Living la Vita Dolce & Gabbana
“CIAO! CIAO!” It's lunchtime in Milan, Italy, when most Milanese traditionally settle into a nice plate of risotto. But inside the Dolce & Gabbana flagship store on Via della Spiga, the mood is frantic, with shoppers young and old slapping down credit cards for the label's signature $2,900 pin-striped pantsuits and $3,500 fur-trimmed coats. It seems there are not enough salespeople to handle the traffic, so Alberto Addis, the store's visual merchandiser, is lending a hand, greeting two women who have wandered past the acres of shiny black-glass walls and Murano-glass chandeliers into the leopard-print VIP room. They're in search of a $23,200 shimmering Swarovski crystal–covered dress that's been photographed in all the fashion magazines. The problem is, the dress has been sold. Addis slides open a leopard-print panel to display a full-length, polar-white Mongolian lamb coat ($10,260) that might please instead. No, no, they want the dress. He hands them off to the manager.

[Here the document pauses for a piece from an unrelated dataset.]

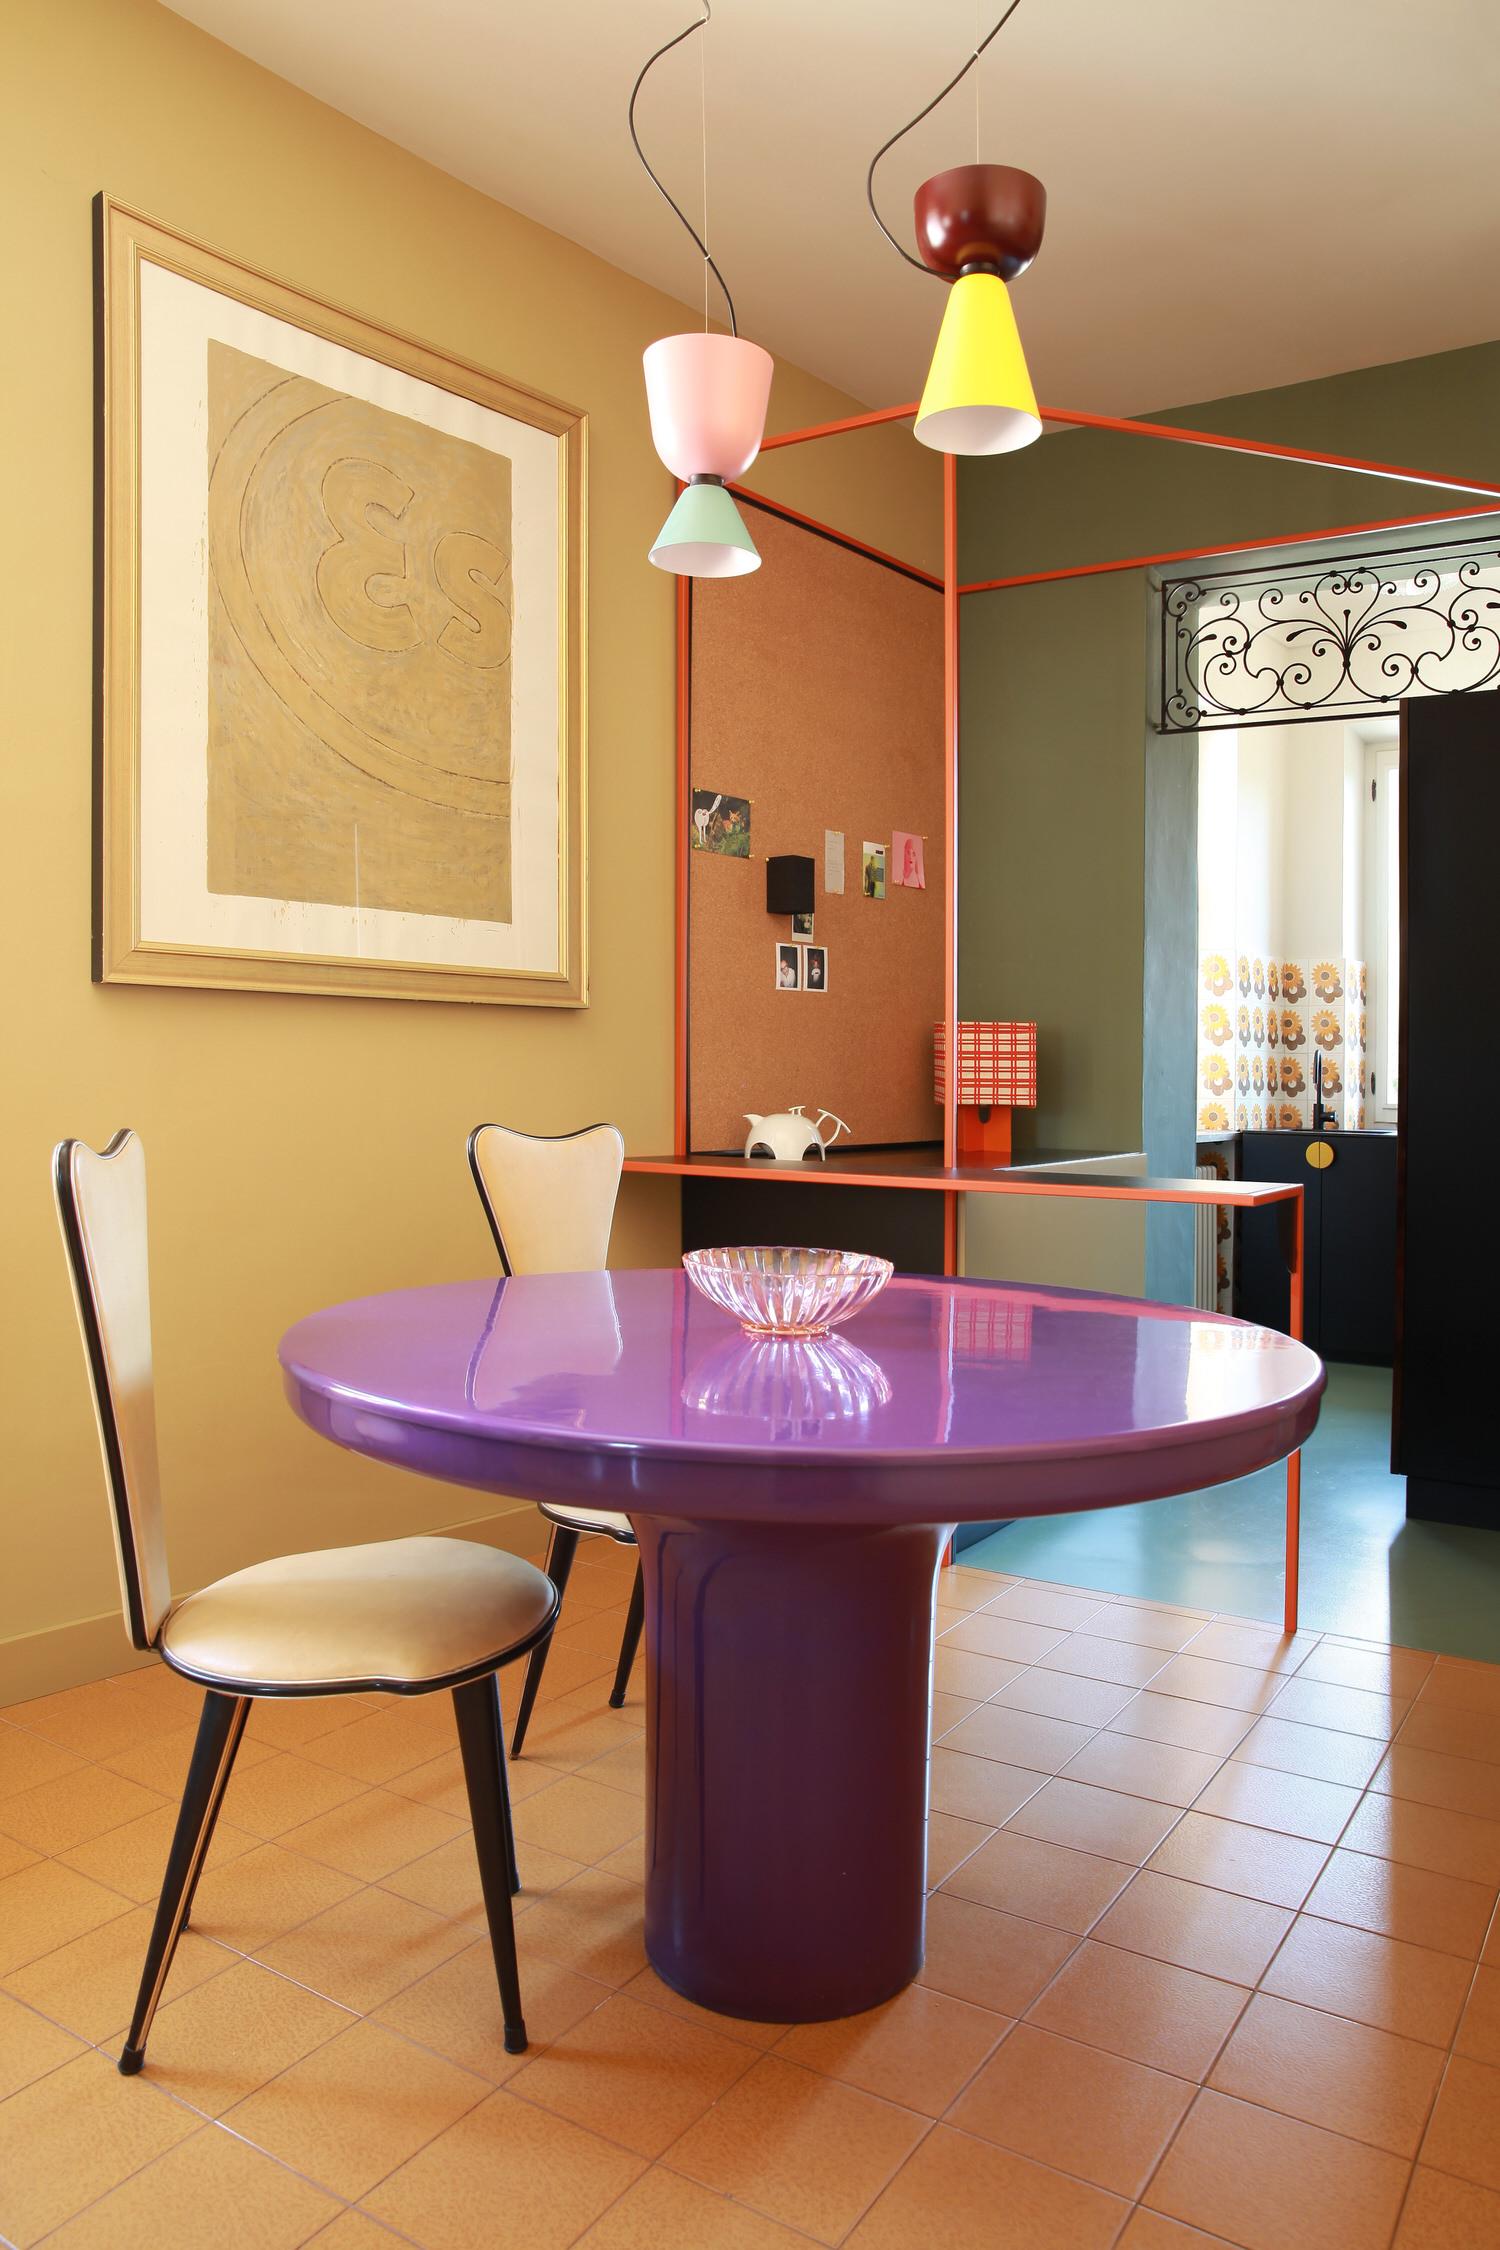 Marcante Testa Private House Renovation Cavallermaggiore Photo Carola Ripamonti Yellowtrace 19

Back out in the store, two teenage girls are carefully sizing up a pair of jeans with broadtail patch pockets. “Ciao !” Addis says when he spots them. He doesn't know them per se, but he quickly explains that the friendliness is part of the Dolce & Gabbana strategy. “ Other designers, they are very snob. Dolce and Gabbana are never snob,” he says. “They are friendly. Ciao! Ciao!”
Even after 20 years in business, Domenico Dolce (the shorter, bald one) and Stefano Gabbana (tall and angular) remain incredibly accessible. Although their company boasts wholesale revenues of more than $1 billion and both designers live in splendor in the same central Milan building, Stefano on the sixth floor, Domenico on the fifth—never mind the houses in Roquebrune, France, and in Stromboli and Portofino, Italy—Dolce and Gabbana live what they consider an “approachable” life. Gabbana, 43, still rides around his native Milan on a Vespa (albeit a leopard-print one). And Dolce, 47, who hails from a small town near Palermo, Sicily, still walks to work every day. One even gets the sense that they remain starstruck by the celebrities who wear their clothes—although they readily admit they have Madonna on speed dial.
“The boys”—as they are referred to affectionately in fashion circles—met at a Milan nightclub in 1982. It was at a moment when, thanks to Giorgio Armani, Italian fashion had come of age. Dolce, who comes from a family of well-established tailors, had been hankering for a job in Armani's design studio. When that did not happen, he went to work for a relatively unknown designer named Giorgio Correggiari and got his new boyfriend a job too. But they had bigger dreams than just working behind the scenes at a small company. They saw the success of Armani and Versace, and they wanted a piece of that glamour too. Eventually, they decided to go for it and start their own business, with a little help from Dolce's family company, Dolce Saverio.